A este seguiu-se José Sócrates, que fez frente a poderosos lobis como as farmácias, lutou pela avaliação dos professores, procurou trazer investimento directo estrangeiro e investiu fortemente nas energias renováveis. Passos Coelho virou Portugal para as exportações, conseguindo em poucos anos uma balança comercial positiva e contas públicas suficientemente saudáveis, alcançando uma improvável saída limpa do programa da Troika depois de anos duríssimos.

Todos eles cometeram erros e precisaria de bem mais do que um parágrafo para explicar as discordâncias que tenho com as suas políticas e o seu pensamento excessivamente estatista, mas não tenho dúvidas de que todos tinham algum tipo de visão para o país que, melhor ou pior, se empenharam em implementar. O mesmo não pode ser dito do PS dos últimos 6 anos. Os mesmos ministros que com Sócrates procuraram – e em alguns casos conseguiram – reformar o país, converteram-se em meras figuras de decoração, sem qualquer independência intelectual ou poder próprio, nas mãos de um primeiro-ministro que sistematicamente coloca os seus interesses à frente dos de Portugal.

Se já não haveria muito a esperar de um orçamento deste PS, o desalento é completo quando vemos as exigências de BE e PCP. Onde o PS não mostrava a menor preocupação com o crescimento futuro do país ou em qualquer uma das suas inadiáveis reformas estruturais, os seus parceiros de geringonça nada acrescentam.

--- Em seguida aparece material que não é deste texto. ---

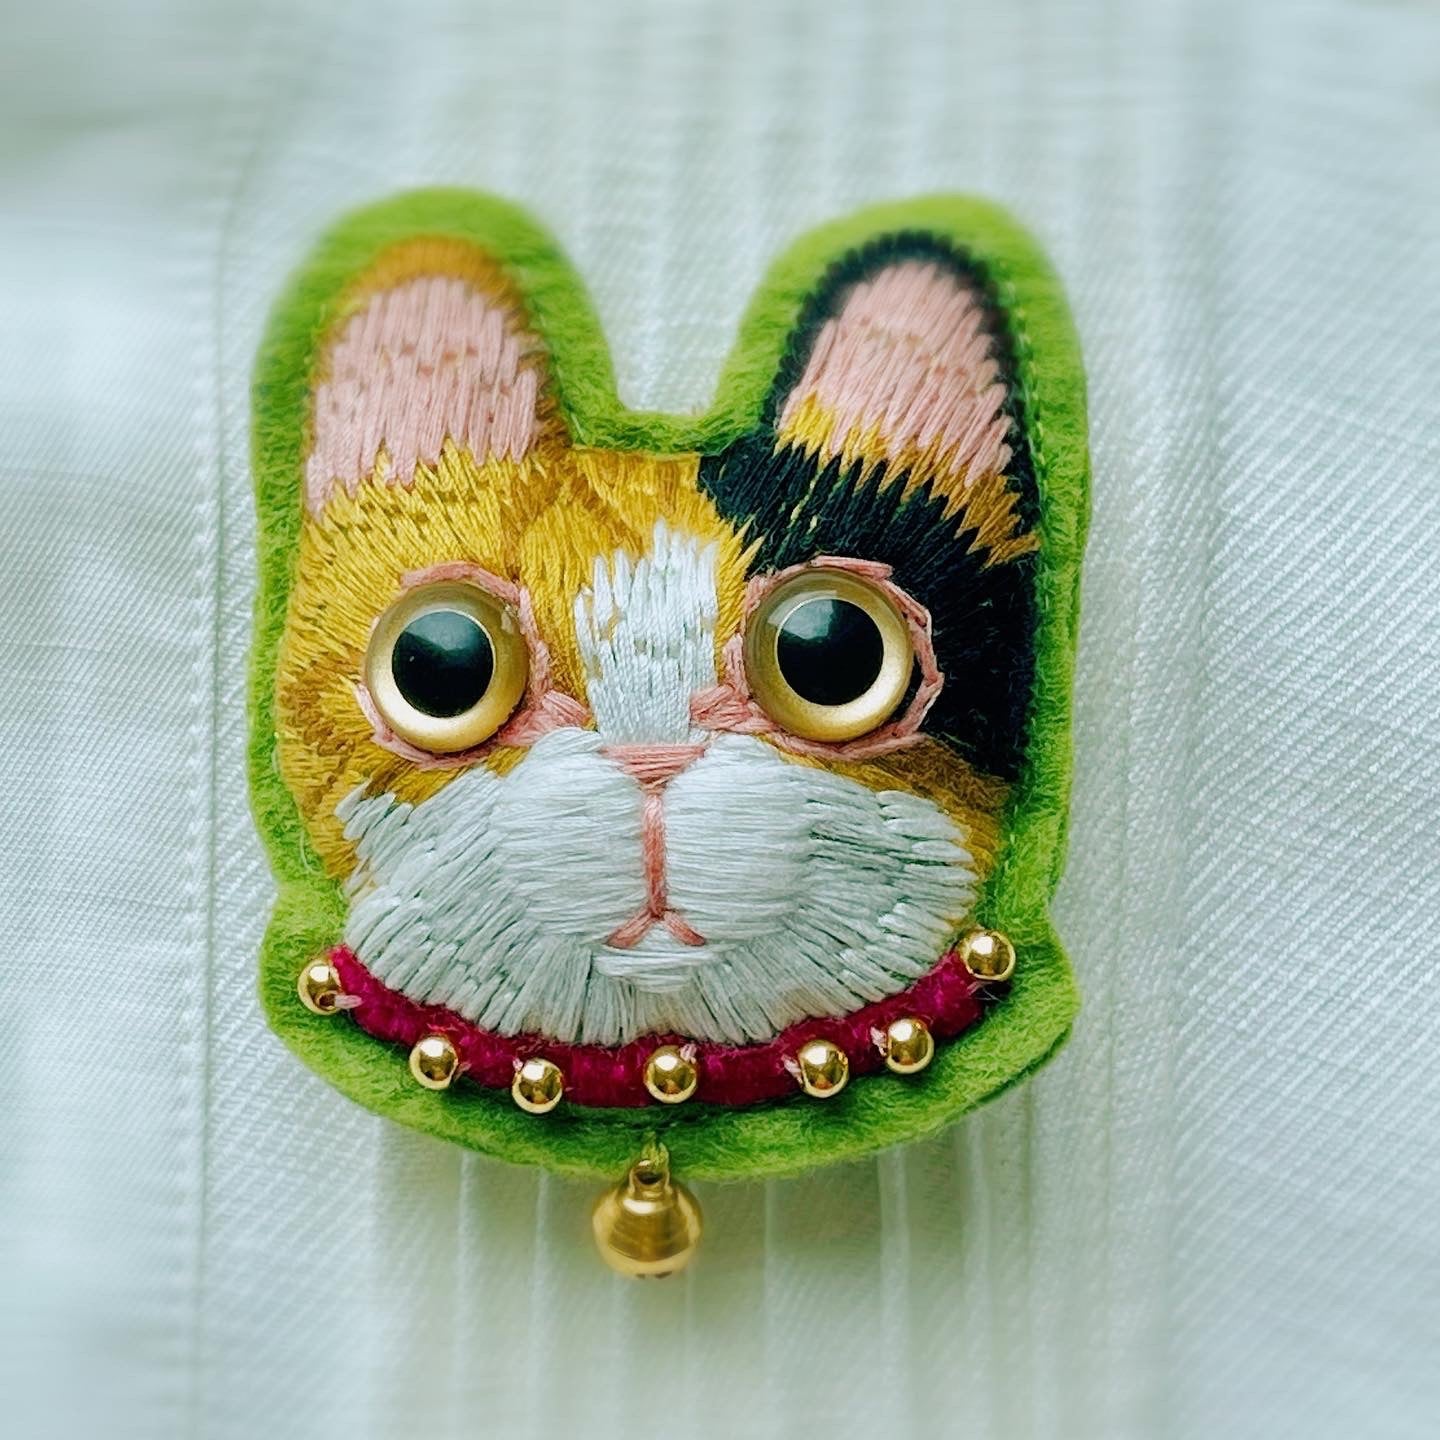 Calico Cat Handmade Yarn Brooch

As listas de exigências aumentam os salários da função publica, assim como o salário mínimo nacional, reclamam mais férias e melhores reformas, contratações colectivas e despesas na saúde. Tudo repleto de excelentes intenções, mas sem uma palavra que seja sobre como fazer crescer o país.

Isto é, na minha modesta opinião, algo especialmente intrigante. Os paraísos governados pelo tipo de regimes que o PCP e BE defendem podem ter levado as suas populações à mais absoluta indigência e opressão, mas não por falta de cometimento com o crescimento económico. Em todos eles, a necessidade de crescimento era uma preocupação constante e uma prioridade das suas totalitárias lideranças.

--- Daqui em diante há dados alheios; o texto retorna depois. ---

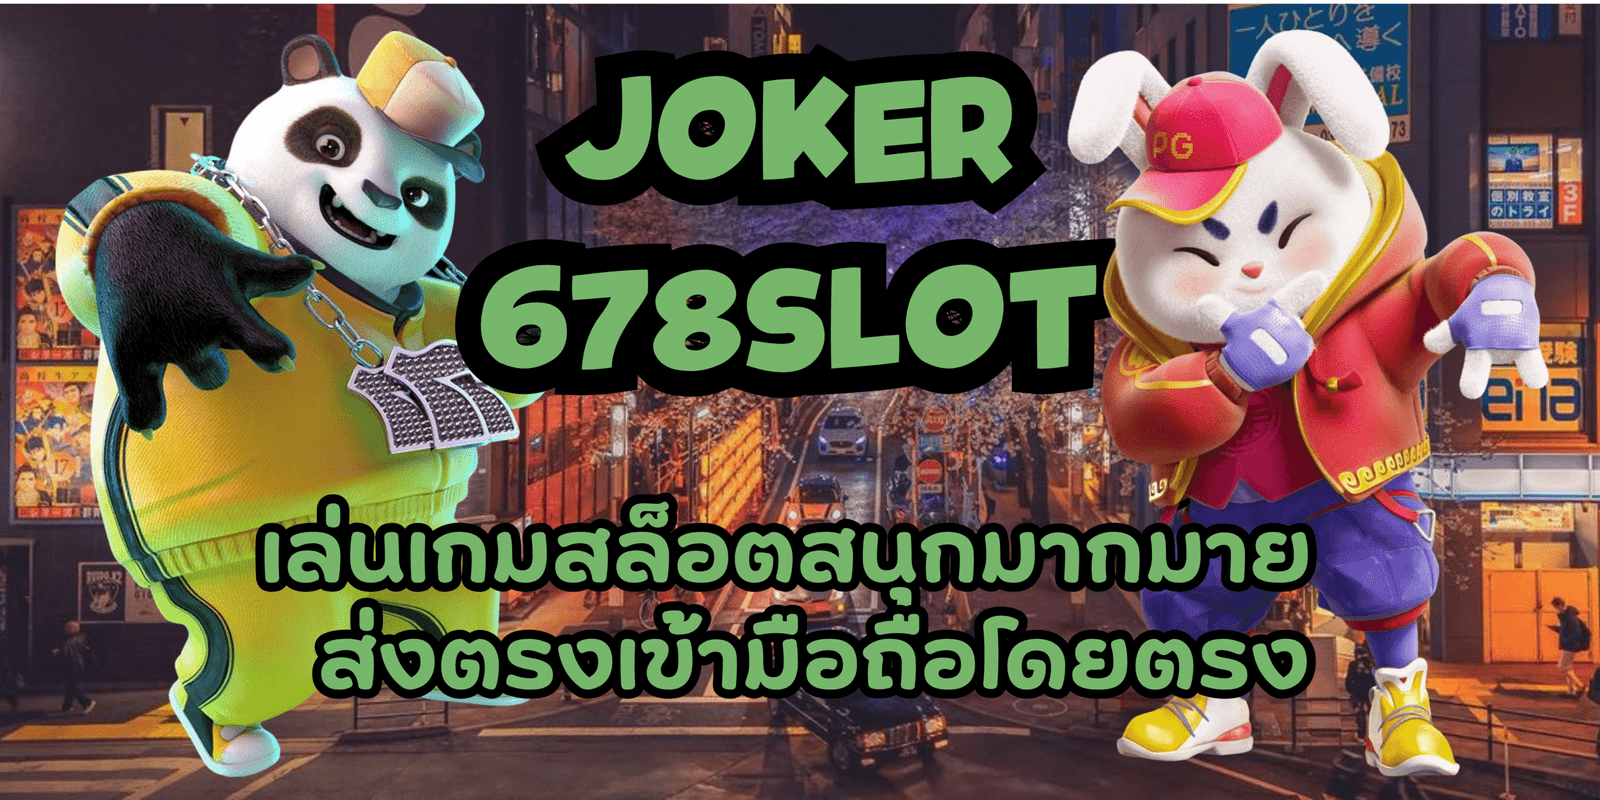 Joker678-slot- เล่นเกมสล็อตสนุก

Lenine e Estaline tomaram particular atenção à produção agrícola e industrial, assassinando ou enviando para os Gulags centenas de milhares de camponeses e construindo gigantescas unidades fabris como a famosa Fábrica de Tractores Dzerzhinskiy de Estalinegrado. A criação de irrigações para a agricultura soviética foi de tal forma intensa que conseguiram secar praticamente todo o mar de Aral, outrora o quarto maior lago do mundo, no que terá sido um dos maiores desastres ambientais do século passado. A infame central nuclear de Chernobyl, o maior acidente nuclear civil de sempre, resultou não apenas da incompetência endémica do sistema comunista mas também da importância e urgência de garantir a energia vital para a produção industrial.

Durante o “grande salto em frente” a China de Mao Tse Tung procura uma rápida industrialização, forçando os camponeses a abandonar as suas tarefas e a produzir aço em improvisados fornos de quintal, causando milhões de mortos pela fome.

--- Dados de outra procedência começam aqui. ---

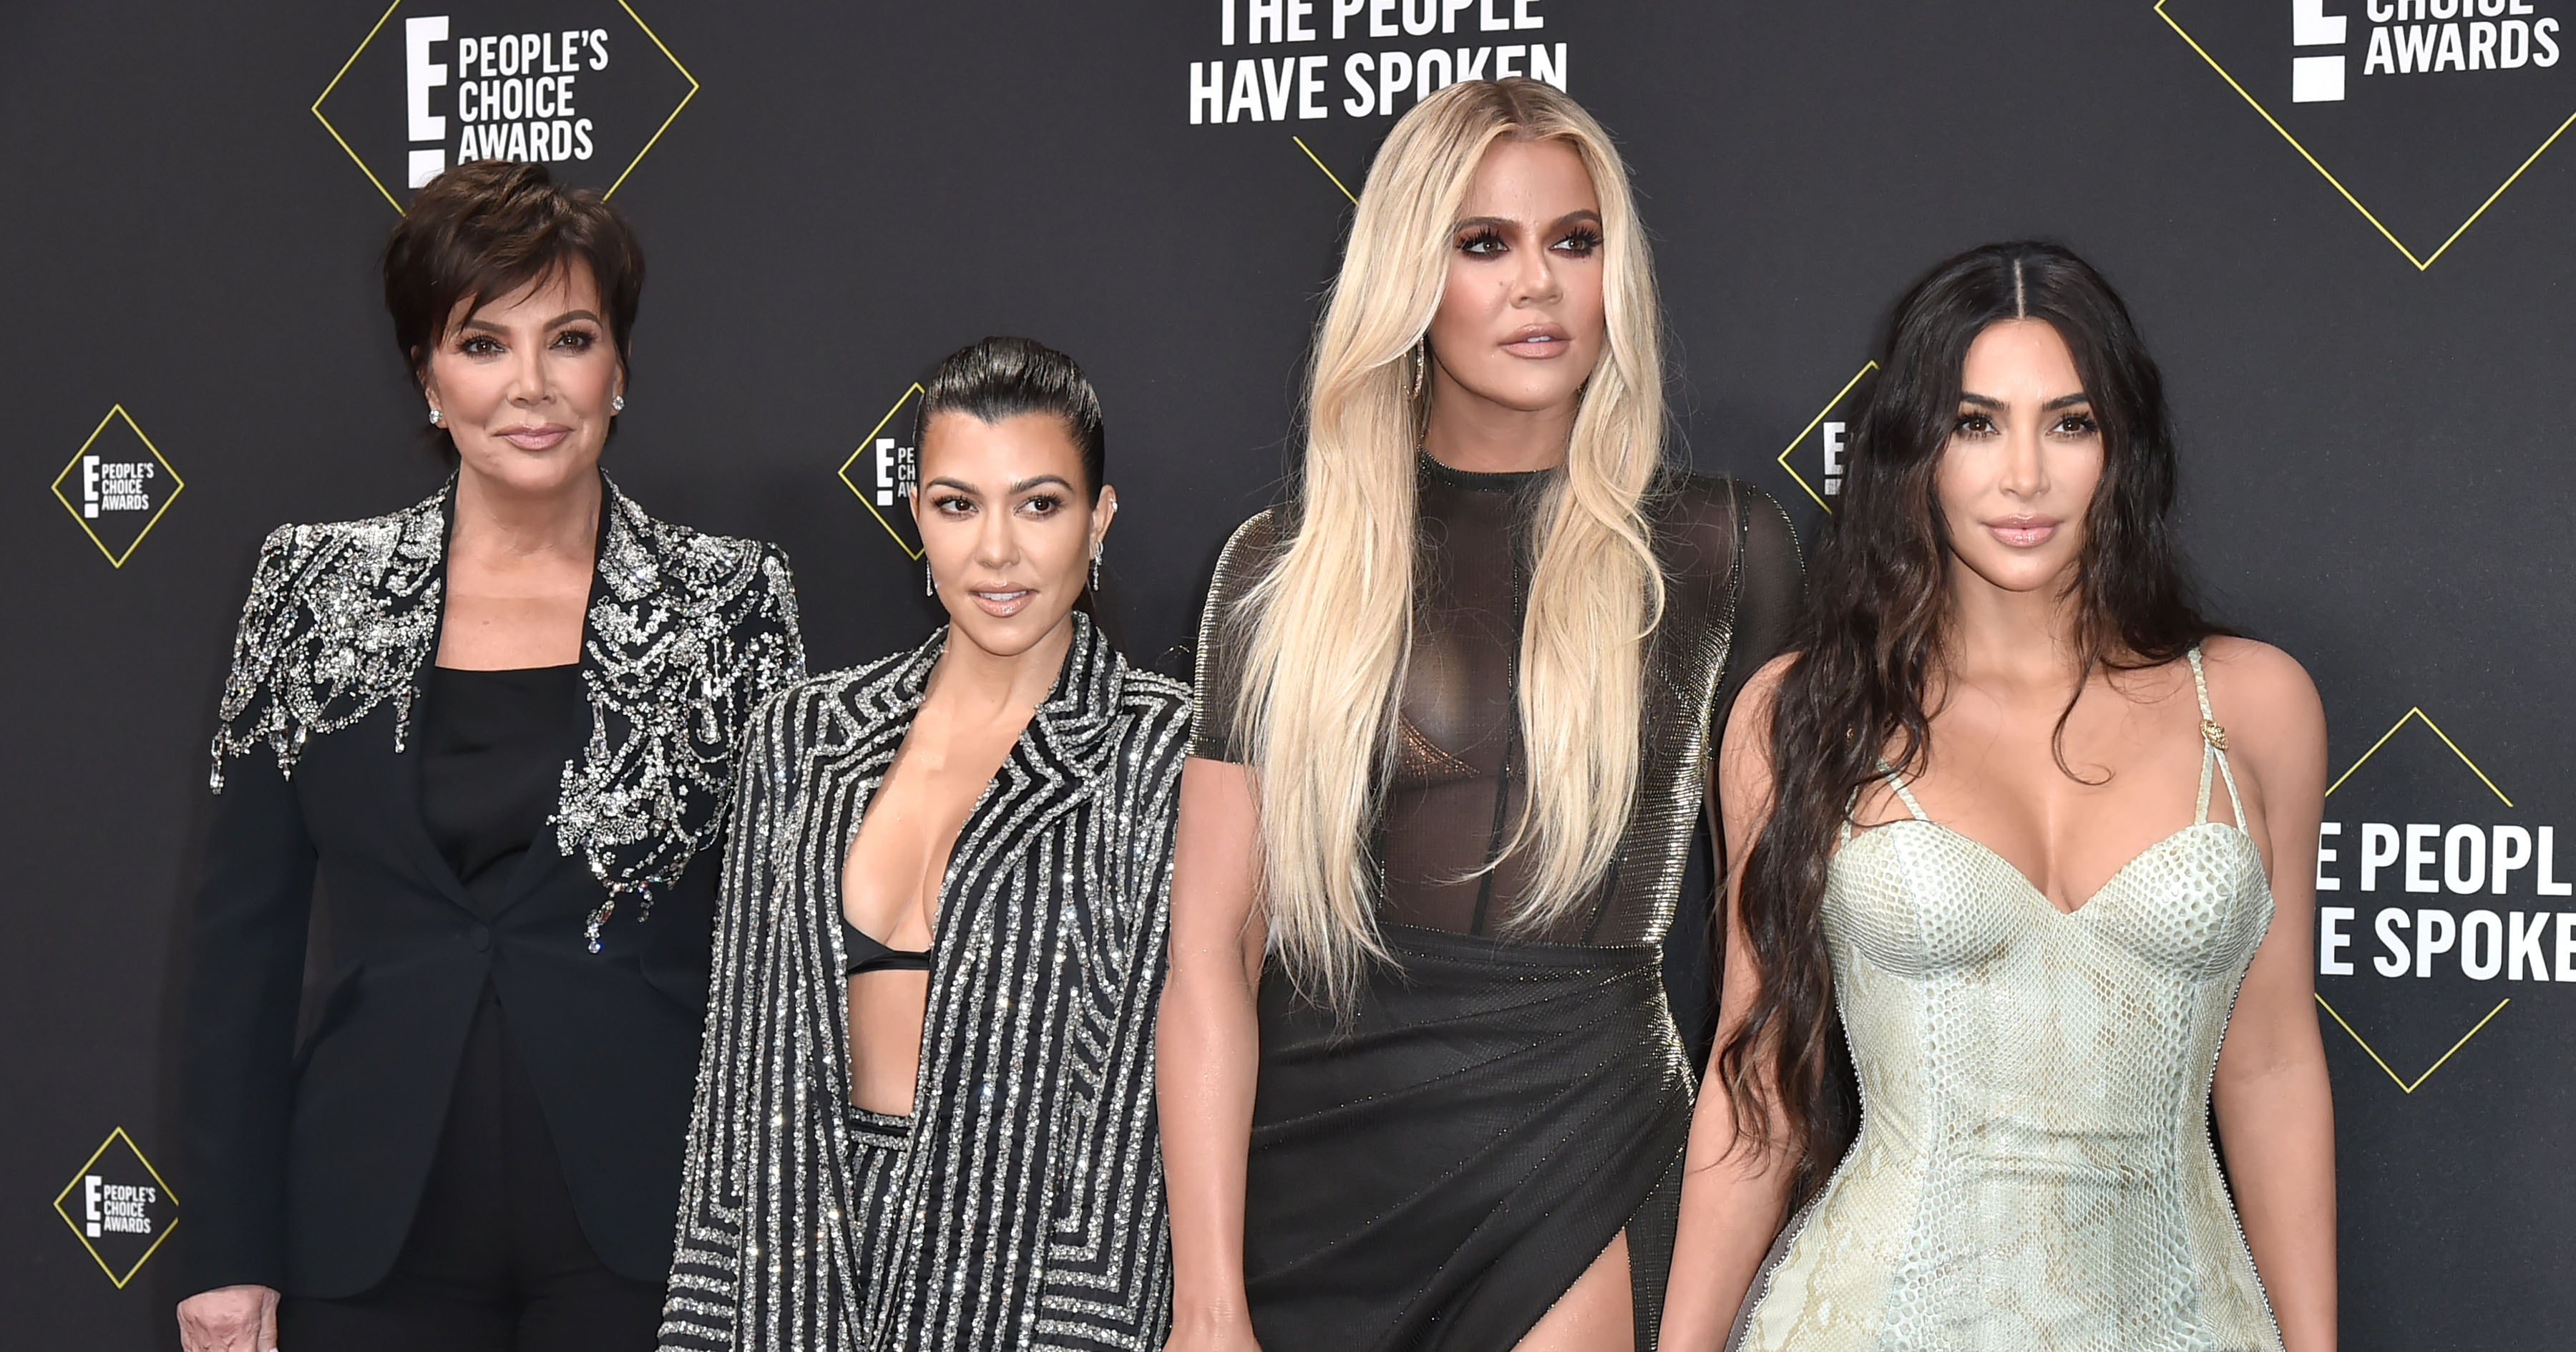 Kim Kardashian wants her kids to run her beauty brand

Como podemos ver por estes dramáticos exemplos, o crescimento económico está bem presente na ideologia e prática marxista, não obstante a sua manifesta incapacidade de o conseguir com um mínimo de eficácia, segurança e direitos humanos. Por algum motivo que me ultrapassa, a nossa variante lusitana não manteve qualquer preocupação de crescimento económico, facto que já sabíamos há muito e que este orçamento confirma. Um péssimo orçamento que piorava a cada dia que passava.

Livrarmo-nos de António Costa, o primeiro-ministro com o pior curriculum em termos de reformas e políticas de crescimento, é uma urgência e uma prioridade para a nação. E não será preciso nenhum génio especial para saber o que fazer a seguir. Basta abandonar os becos sem saída representados pelas soluções da extrema-esquerda.

Mais do que ter o Estado a fazer coisas, precisamos de um Estado que deixe fazer coisas. Como dizia o economista dinamarquês Steen Jakobsen recentemente em entrevista ao Observador: “se querem aplicar um conjunto de medidas que comprovadamente fizeram dos países escandinavos aquilo que são hoje, basta roubar as ideias. Ninguém leva a mal”.